Anna rolled her eyes. “Sweeney, I really don’t know.”

Sweeney stood in front of the mirror, inspecting her pores in the low light. “Oh God, why am I going? I don’t even want to go. It’s going to be awful.”

“No, it’s not. It’ll be fun. You should get out and mix. That’s what Mother always said to me. ‘You should mix.’ I always had this image of a bunch of people in a blender. She didn’t know what to do with me. All I wanted to do was paint.”

“Poor Grandmother and Grandfather. Ending up with two crazy artists.”

“I know. I think it was part of why I was so willing to put my own work aside for Juli’s for so long. I always felt as though I was letting them down. And Paul, because he was older, had sort of got first dibs on letting them down. I wasn’t allowed.” Sweeney could hear the bitterness in Anna’s voice. She didn’t say anything.

Anna pulled out a large pink dress and held it against her body.

‘Oh God, look at this,” she said. “This must have been one of
Mother’s maternity dresses. Can you imagine. Women had to wear such awful things back then.” The dress was a soft, baby pink color and it had a Peter Pan collar with little pink flowers embroidered on it.

Sweeney watched Anna holding the dress up in front of her. “How come you and Uncle Juli never had kids?” she asked.

Anna folded the dress in half and laid it down on an old bed.

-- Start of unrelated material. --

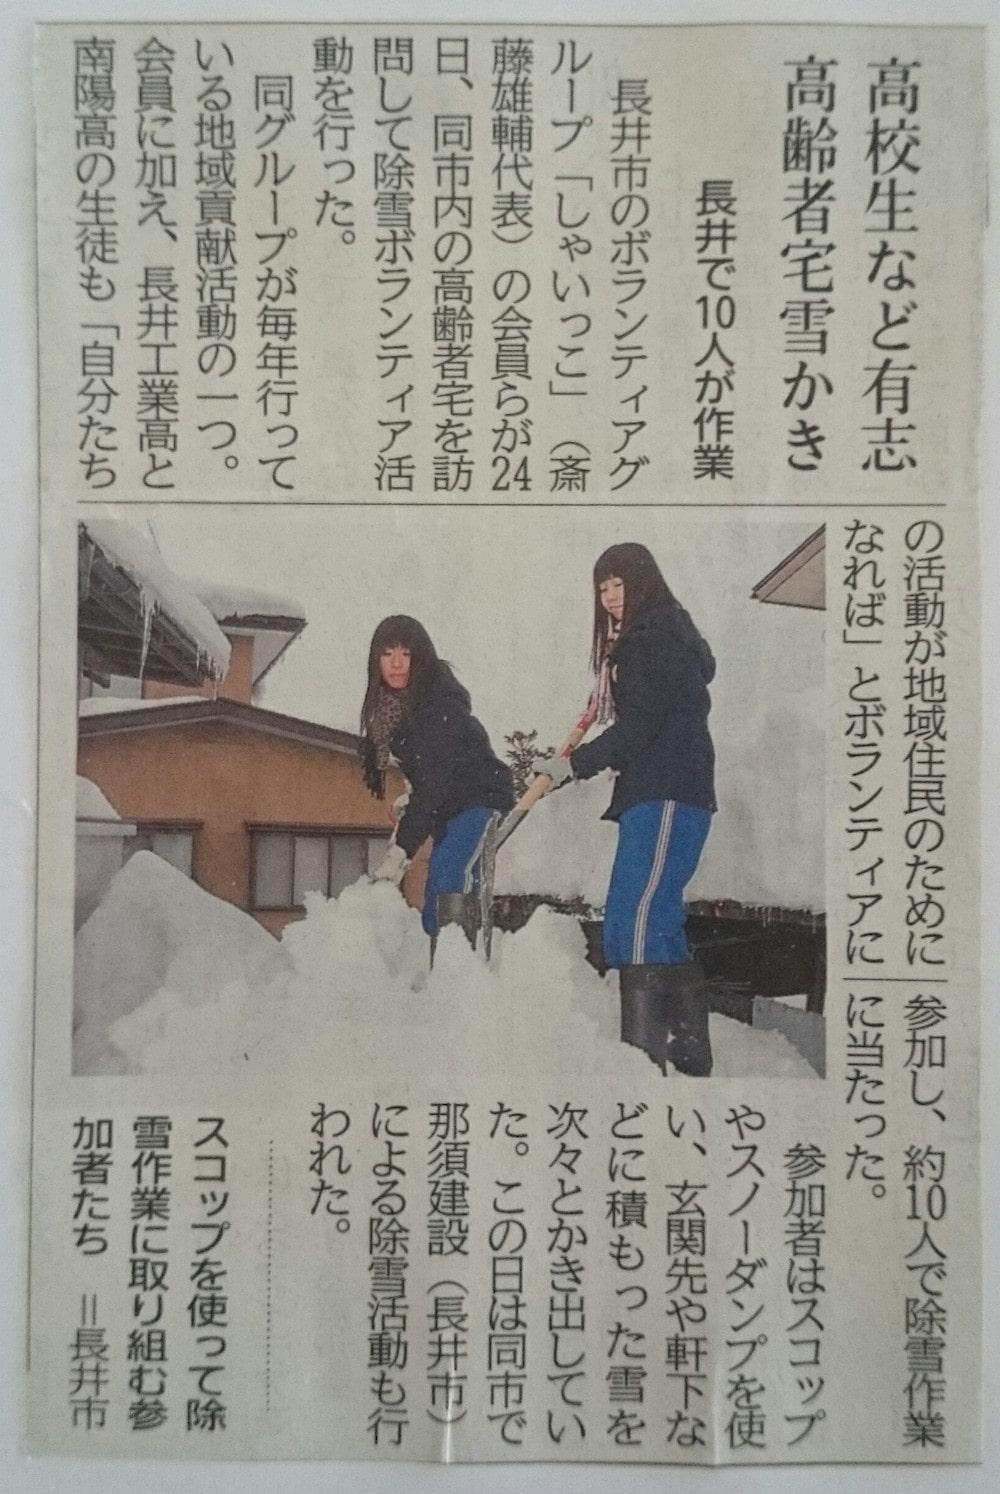 1/24  雪かきボランティア活動 【 しゃいっこ 】:画像

“I never really found out why. There was something wrong with one of us, but we never knew who. In those days you didn’t go to doctors about it the way you do now.

“I always wondered if it was my fault, if somehow, psychologically I kept myself from getting pregnant, if I was ambivalent about it. You know, it would have been hard with our lifestyle. I don’t think Juli would have liked staying home on Saturday night because we couldn’t find a baby-sitter, or you know, all the nursery things. He liked the idea of it, but the reality would have been a shock.”

“Did he ever . . . with . . . ?”

“With Stella? No. So perhaps it was a problem with him.”

Sweeney watched Anna’s face. “Do you think about it? Now?”

“Sometimes. Not that often. Still, it was hard. People ask you, you know. It’s amazing how rude they can be. ‘When are you going to have a baby? Don’t you want kids?’ Things like that. I remember that it got really hard for a while to be around our friends who had kids. I’d see people on the street pushing strollers and I’d think, ‘If any idiot can get pregnant, why can’t I?’ ” Anna closed the wardrobe door and gestured for Sweeney to turn around so she could unzip her.

Sweeney stepped out of the dress and got back into her clothes.

Anna reached up to find the cord for the light. “But it was just as well, in the end, wasn’t it?” she said. “The way things worked out?”

Together, they walked down the stairs.